В нем еще бушевали чувства, испытанные на «Риенци»; искушение политикой усиливалось от ежедневного чтения газет; кумиром Гитлера был Шёнерер.[6] Еще в отрочестве он опирался на Шёнерера, ссорясь с отцом. Шёнерер был австрийцем, влюбленным в Германию; не приемля всего не немецкого, он ратовал за воссоединение Австрии с рейхом; в тринадцать лет Гитлер любил повторять эту критику австрийского государства, чтобы позлить отца, всю жизнь ему служившего. В дальнейшем, столкнувшись с многочисленными народами, смешавшимися в космополитической Вене, он любил успокаивать себя, думая, вслед за Шёнерером, что, будучи немцем, он выше всех. Он симпатизировал и его антикатолицизму, антилиберализму, антисоциализму, короче говоря, его противостоянию всем малознакомым доктринам, в которых Гитлер не находил своего места. Одна деталь, совсем незначительная и почти неприличная, сделала Гитлера ярым сторонником Шёнерера: идеолог утверждал, что следует оставаться холостяком до двадцати пяти лет, чтобы сохранить здоровье и все физические и умственные силы для германской расы. Его принципы гигиены привели в восторг Гитлера, неосознанно применявшего их на практике; он нашел научное и моральное оправдание своему поведению; целомудрие Гитлера из проблемы стало добродетелью, как и его нелюбовь к мясу и алкоголю, в которых и Шёнерер подозревал разврат. Шёнерер оправдывал его. Шёнерер был его Риенци.

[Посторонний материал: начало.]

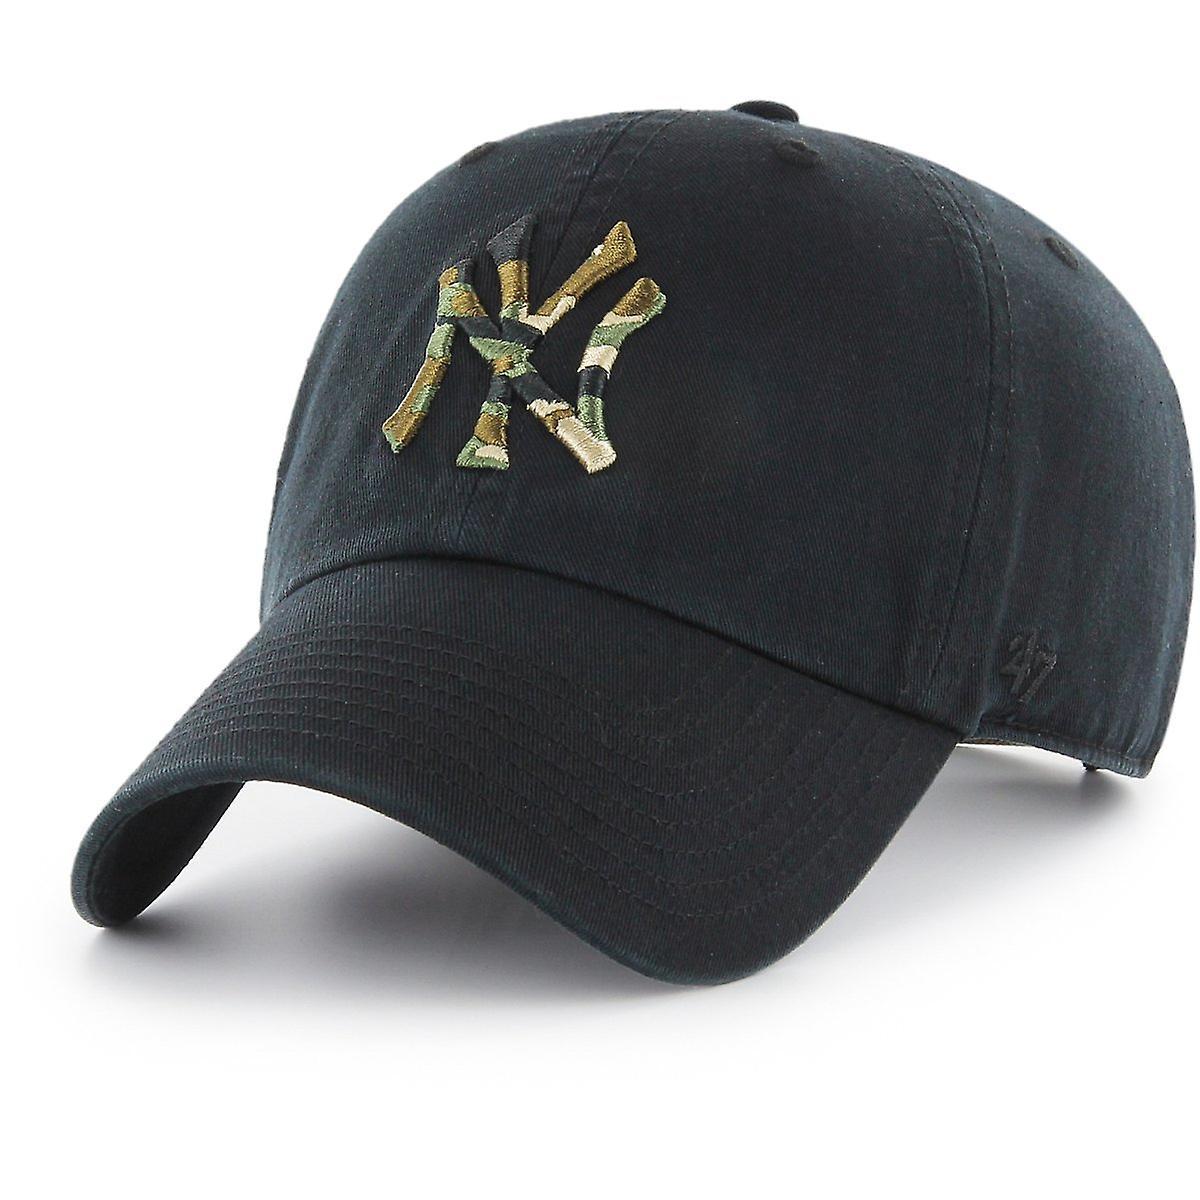 47 ogień regulowane Cap - CAMOFILL New York Yankees czarny

– Почему же ты не вступишь в его движение? – спрашивал иногда Ханиш, на которого изливался этот энтузиазм.
– Да я вступлю… вступлю… – уклончиво отвечал Гитлер.

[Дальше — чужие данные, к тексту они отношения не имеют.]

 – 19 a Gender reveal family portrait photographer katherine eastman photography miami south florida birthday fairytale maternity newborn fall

Почему он сторонился общественной деятельности? Потому что инстинктивно чувствовал себя неспособным примкнуть к какой бы то ни было группе. Это было как учеба – деятельность осознанная, реальная и к чему-то обязывающая. Гитлер предпочитал мечтать.

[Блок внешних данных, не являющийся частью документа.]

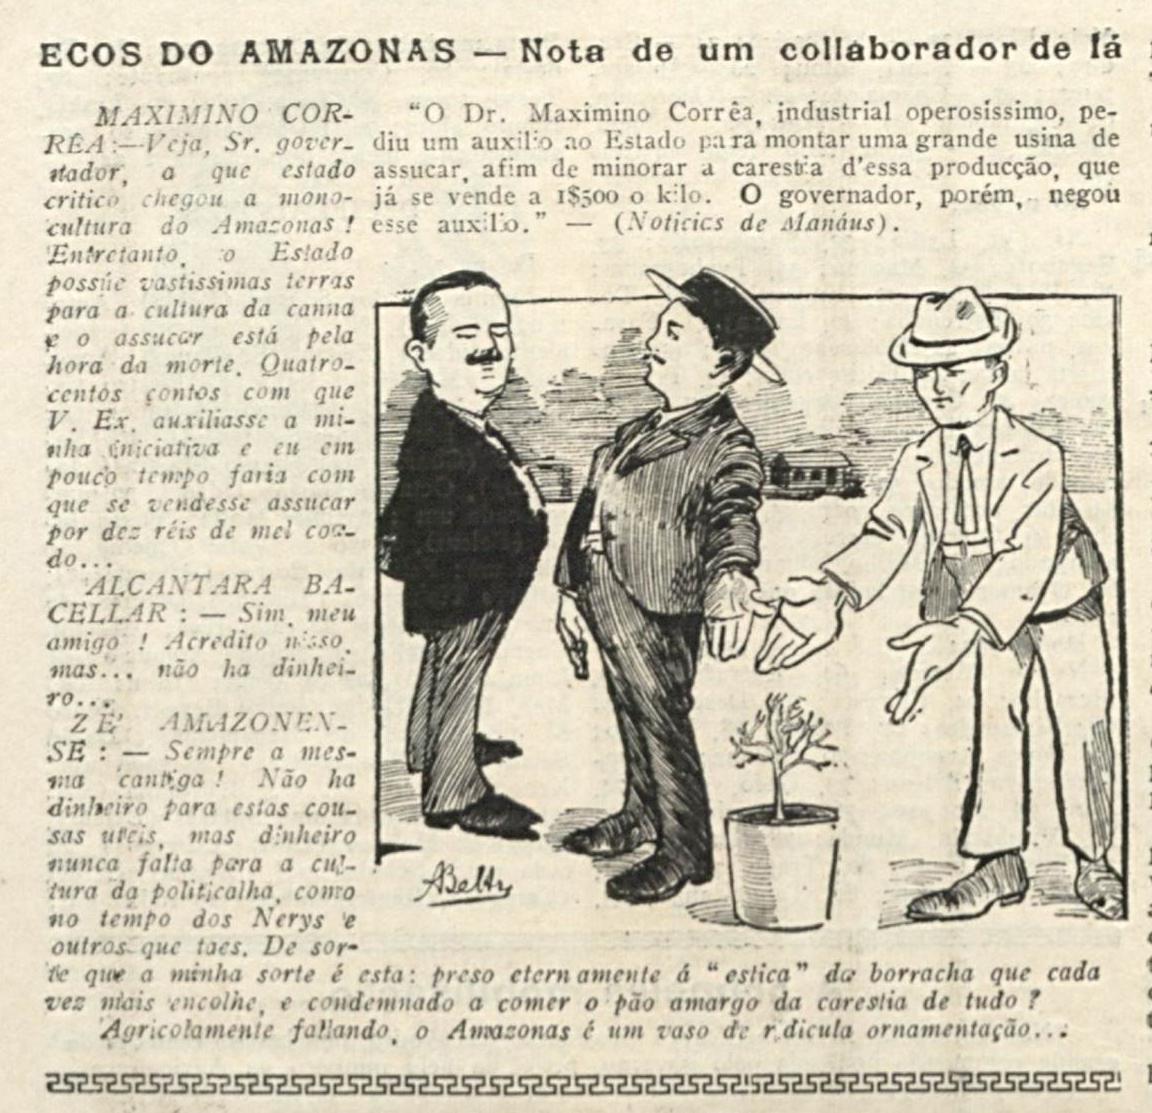 Maximino Corrêa e a indústria de açucar

Кроме того, его возмущал антисемитизм Шёнерера. Антисемитизм вообще был одной из его главных политических проблем: почему все, кем он безумно восхищался, были антисемитами? Шопенгауэр, Ницше, Вагнер, Шёнерер… Все они, при прекрасных и благородных суждениях, опускались до гнусной ненависти. Это сбивало Гитлера с толку. Он не видел связи между антисемитизмом Ницше и его духовным наследием. То же и с Вагнером… Как гении могли так низко пасть? Он прощал им эту ненависть, как отрыжку, но удивлялся, что она так часто встречается.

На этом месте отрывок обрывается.